Dataset extract:
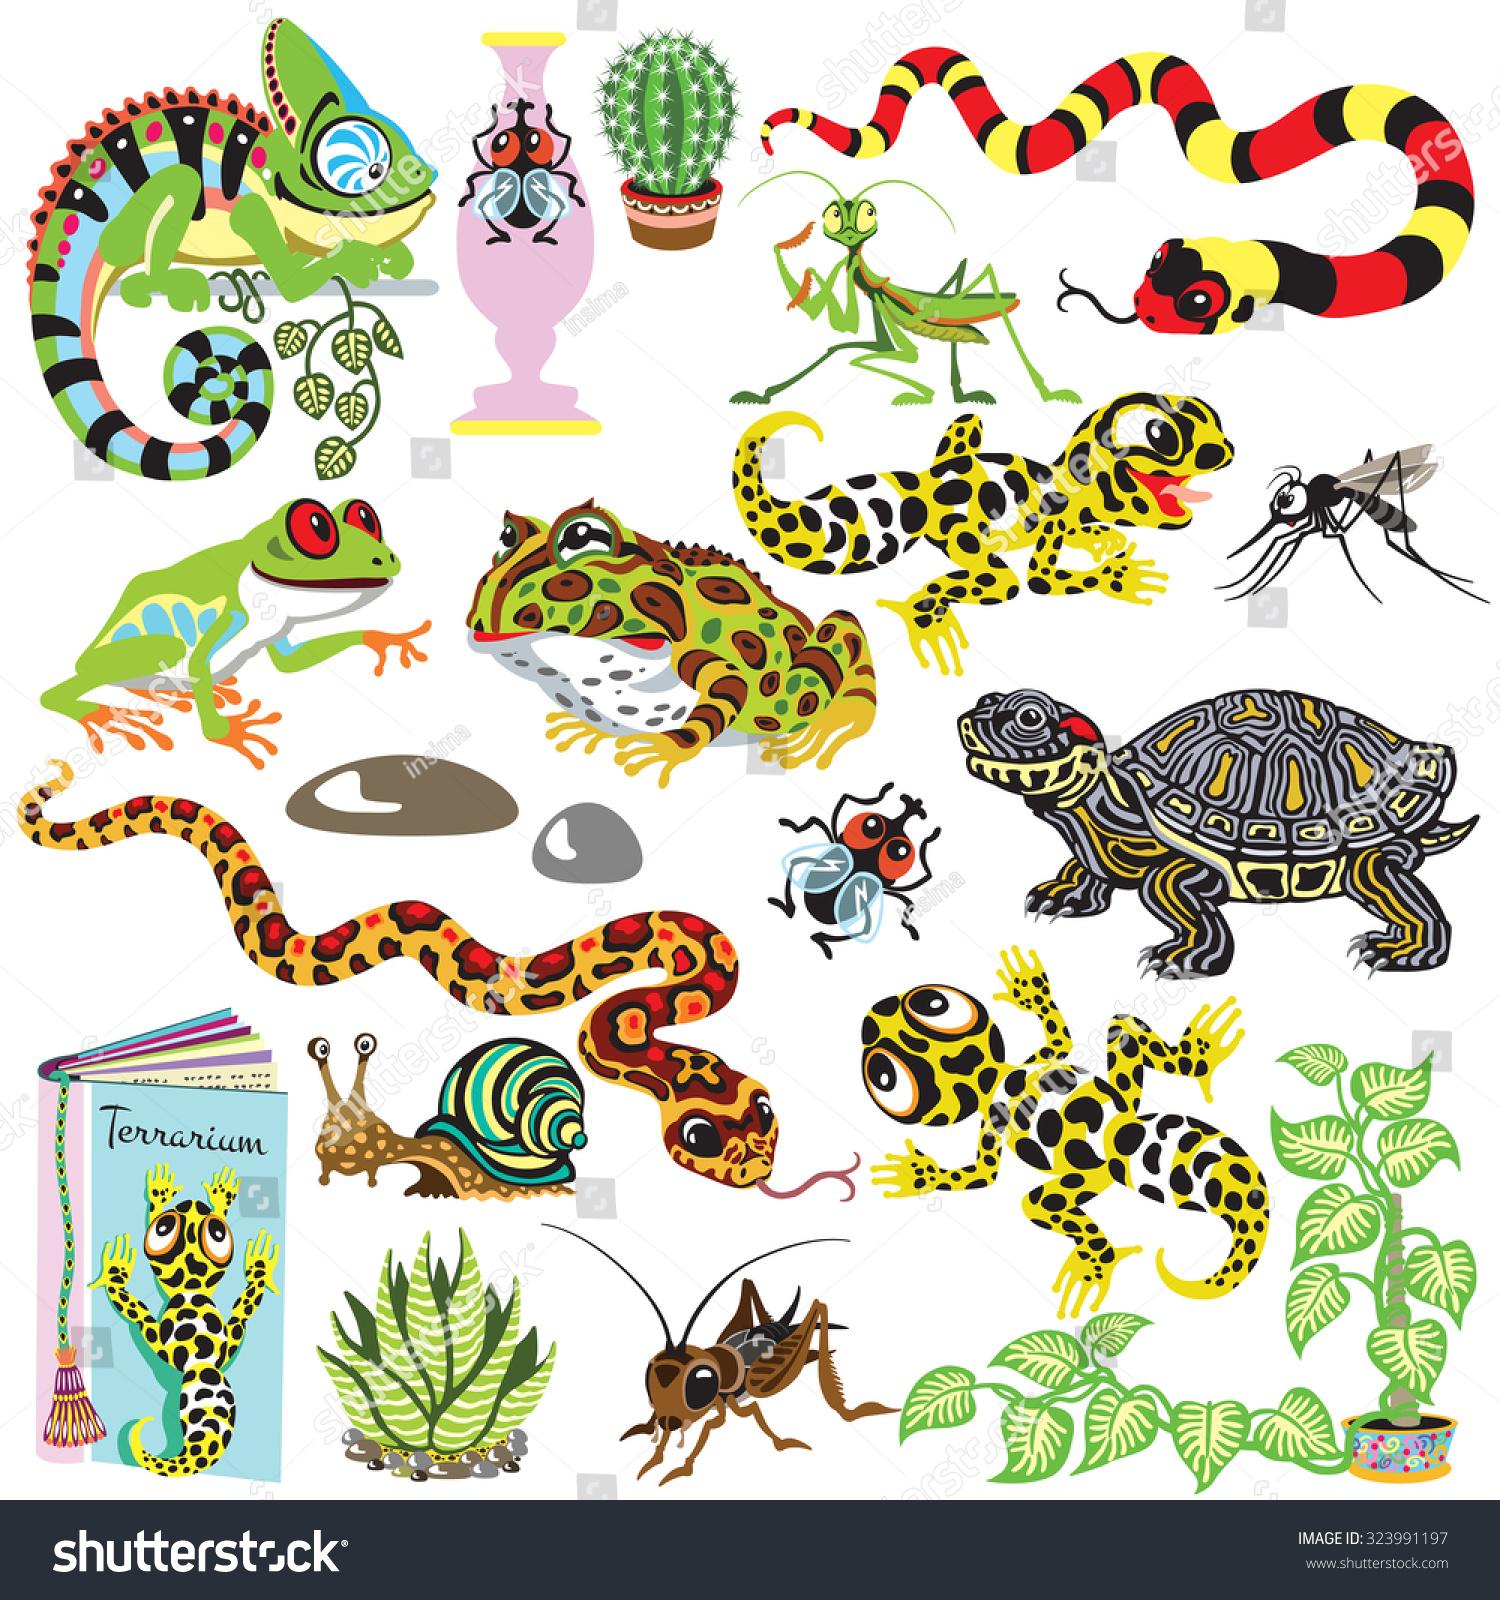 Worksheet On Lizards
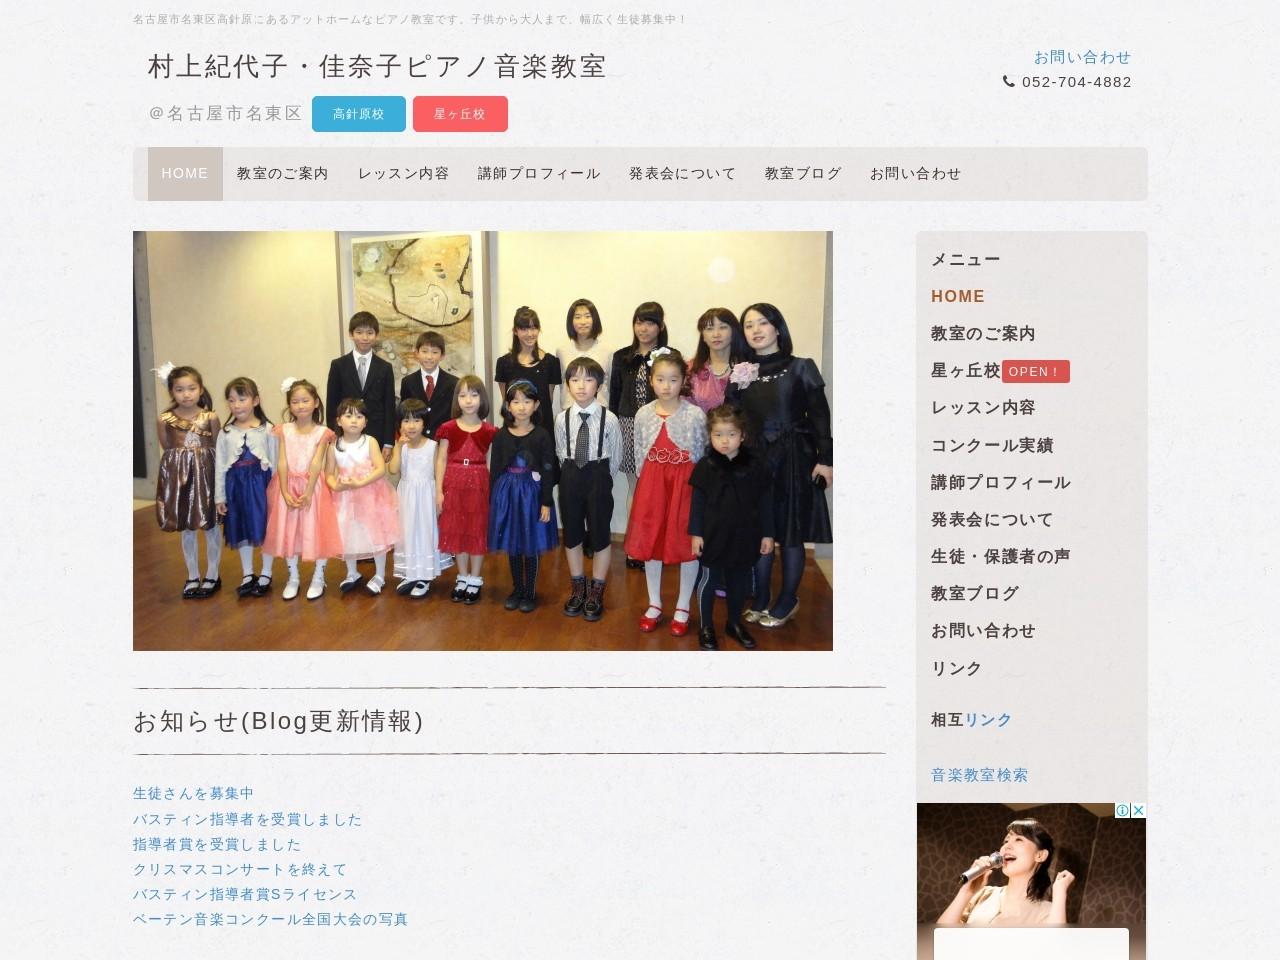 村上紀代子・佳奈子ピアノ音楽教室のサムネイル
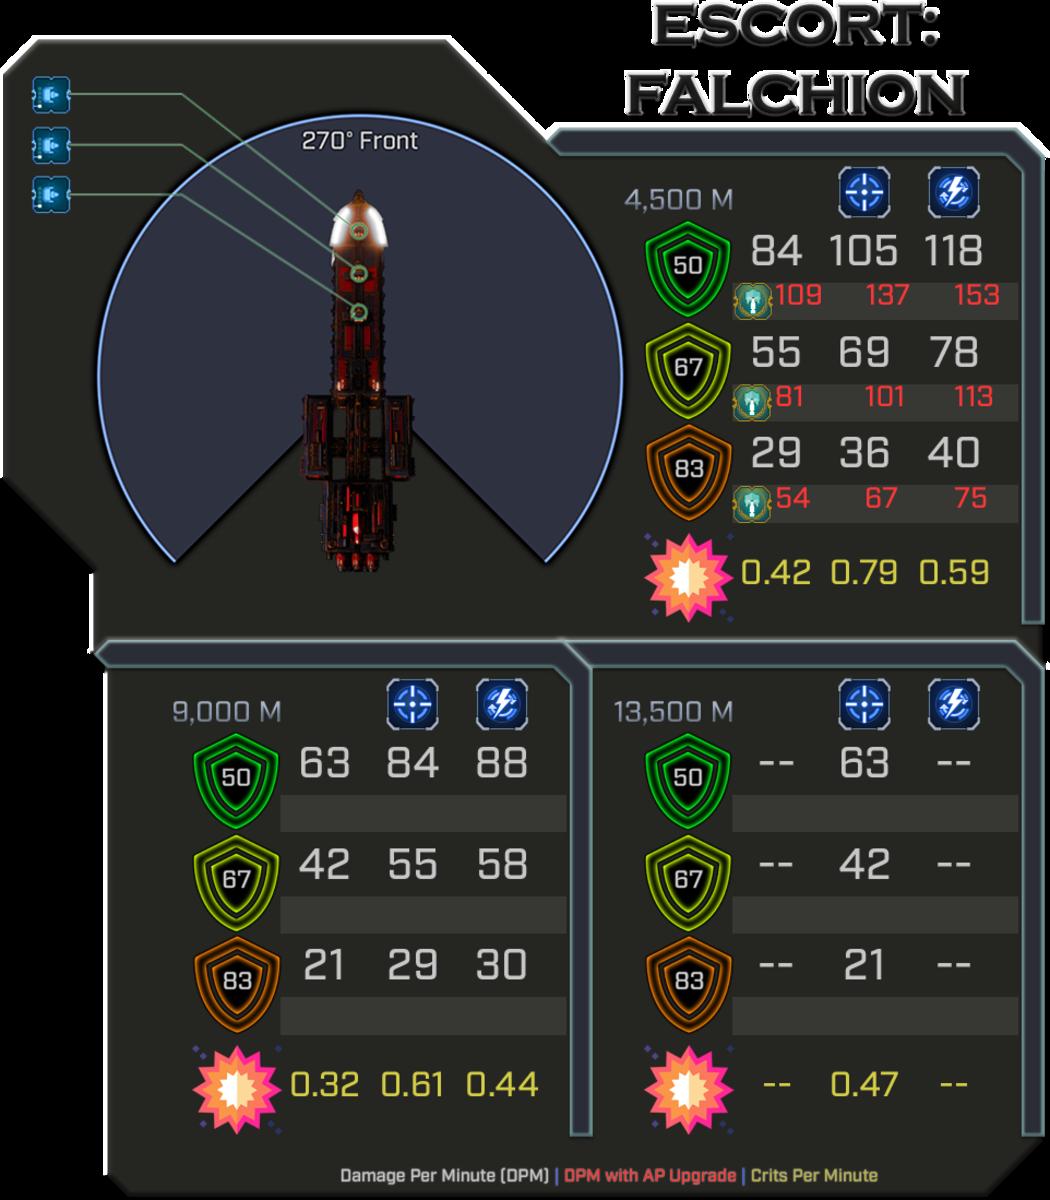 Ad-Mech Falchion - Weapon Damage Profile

Problem to work on: For the material above, give every line again exactly and leave out the pictures.

Expected output:
 Worksheet On Lizards
 村上紀代子・佳奈子ピアノ音楽教室のサムネイル
 Ad-Mech Falchion - Weapon Damage Profile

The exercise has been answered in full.